Interesting video. Watching the actual process around the half hour mark is intriguing. Seems far to good to be true though - can't guarentee that no anesthesia was administered I mean in this politically correct world I cannot see them using that alone - imagine the consequences of it NOT working or regaining complete feeling halfway through?

Placebo is a powerful thing though. I'm definetly looking into this more and perhaps taking a few reputable tapes seriously and seeing if it has ANY effect. I know i'll probably be told I have the wrong attitude or it's not professional but who knows..


----------



## percyblueraincoat (Jun 2, 2009)




----------



## ingenious53 (May 27, 2011)

It did not work for me, but if you want to try it I know where you can try it for free. 

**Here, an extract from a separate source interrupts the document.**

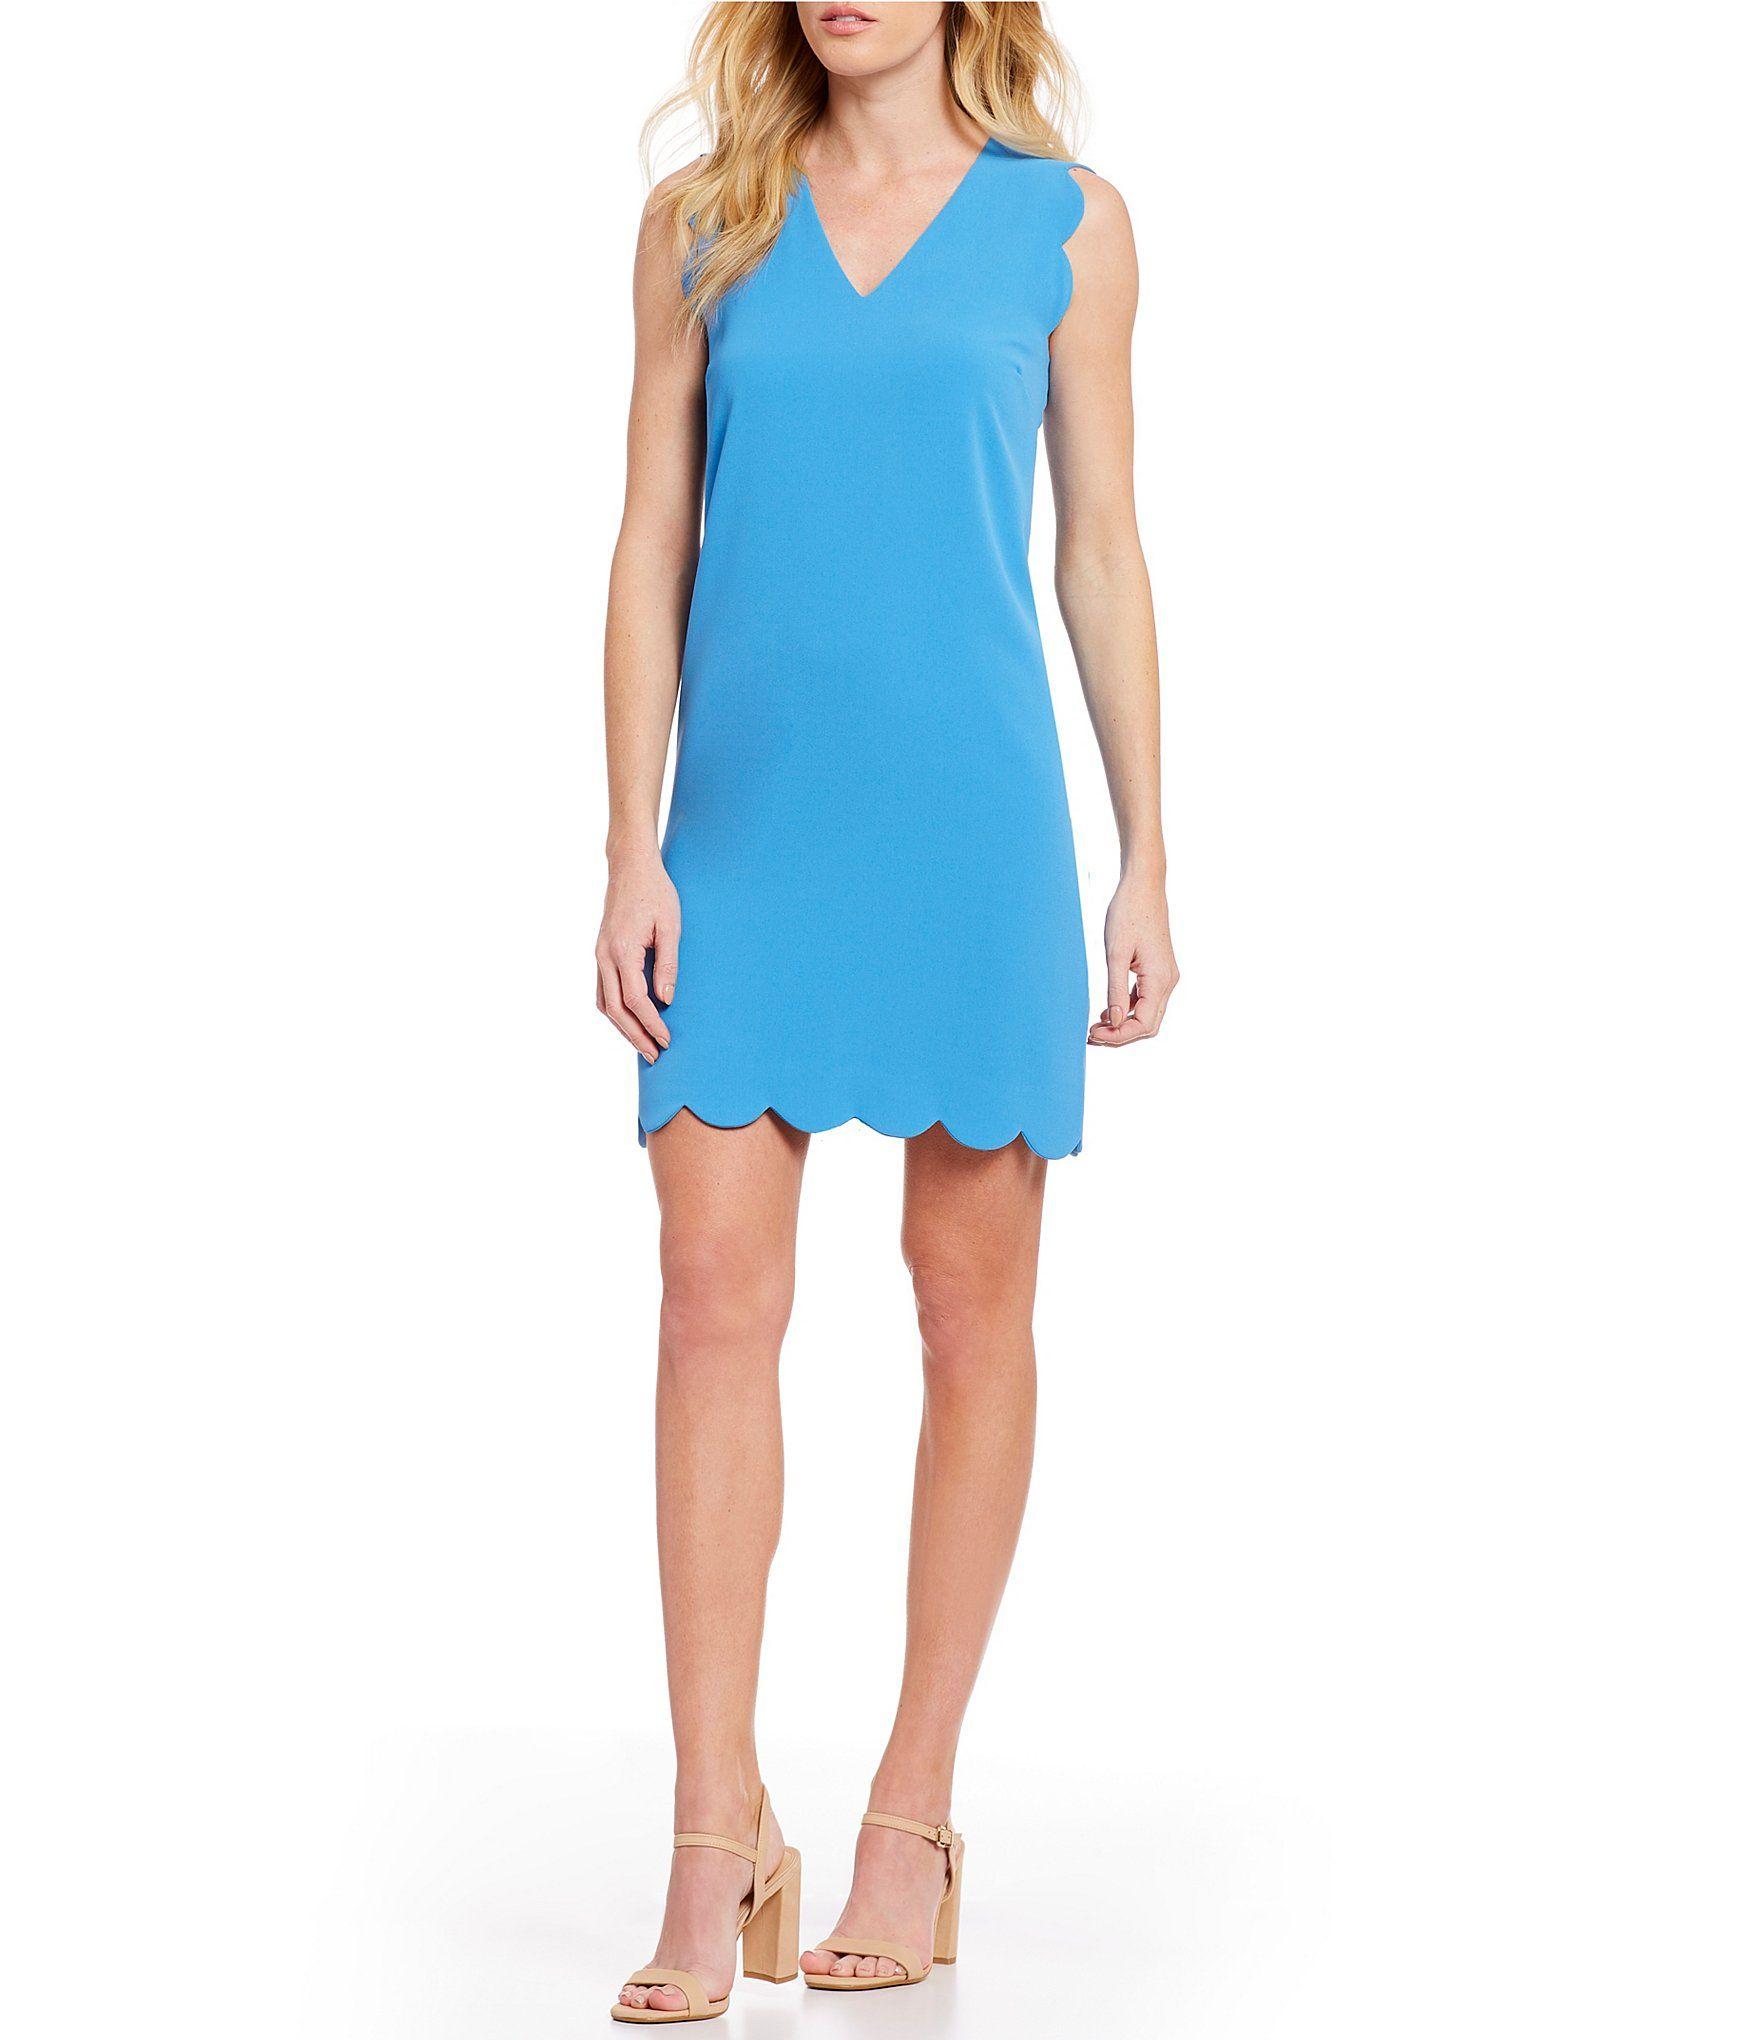 0e2f0aa98f4 Shop for CeCe Sleeveless V-Neck Scalloped Shift Dress at Dillards.com. Visit

Itunes....Joseph Clough....Podcast.


----------



## Kwirky (Jan 23, 2009)

If you are going to try hypnotherepy, make sure you go to a hypnotherapist that has a great deal of experience treating phobic conditions. I went to a hypnotherapist, and it was a fascinating experience (remembered afterwards everything that went on/was said) but she wasn't trained specifically for my type of issue, so I felt a little better but only temporarily

The other thing to be aware of is that social anxiety builds up over time and that if you have had it for years, it may take quite a number of sessions to get results and change pathways in your mind for the longer term (maybe you could politely ask if the hypno guru would make a CD recording of your session so u could listen again and again at home ). To be sure, seeing a really good hypnotherapist will cost you $$$, but if it helps, then its worth it


----------



## NumeroUno (Oct 23, 2009)

Kwirky said:


> quite a number of sessions to get results....To be sure, seeing a really good hypnotherapist will cost you $$$, but if it helps, then its worth it


them parts of your post are what completely puts me off the idea unfortunately and puts it on the same level as "psychic mediums" and "tarot card readers".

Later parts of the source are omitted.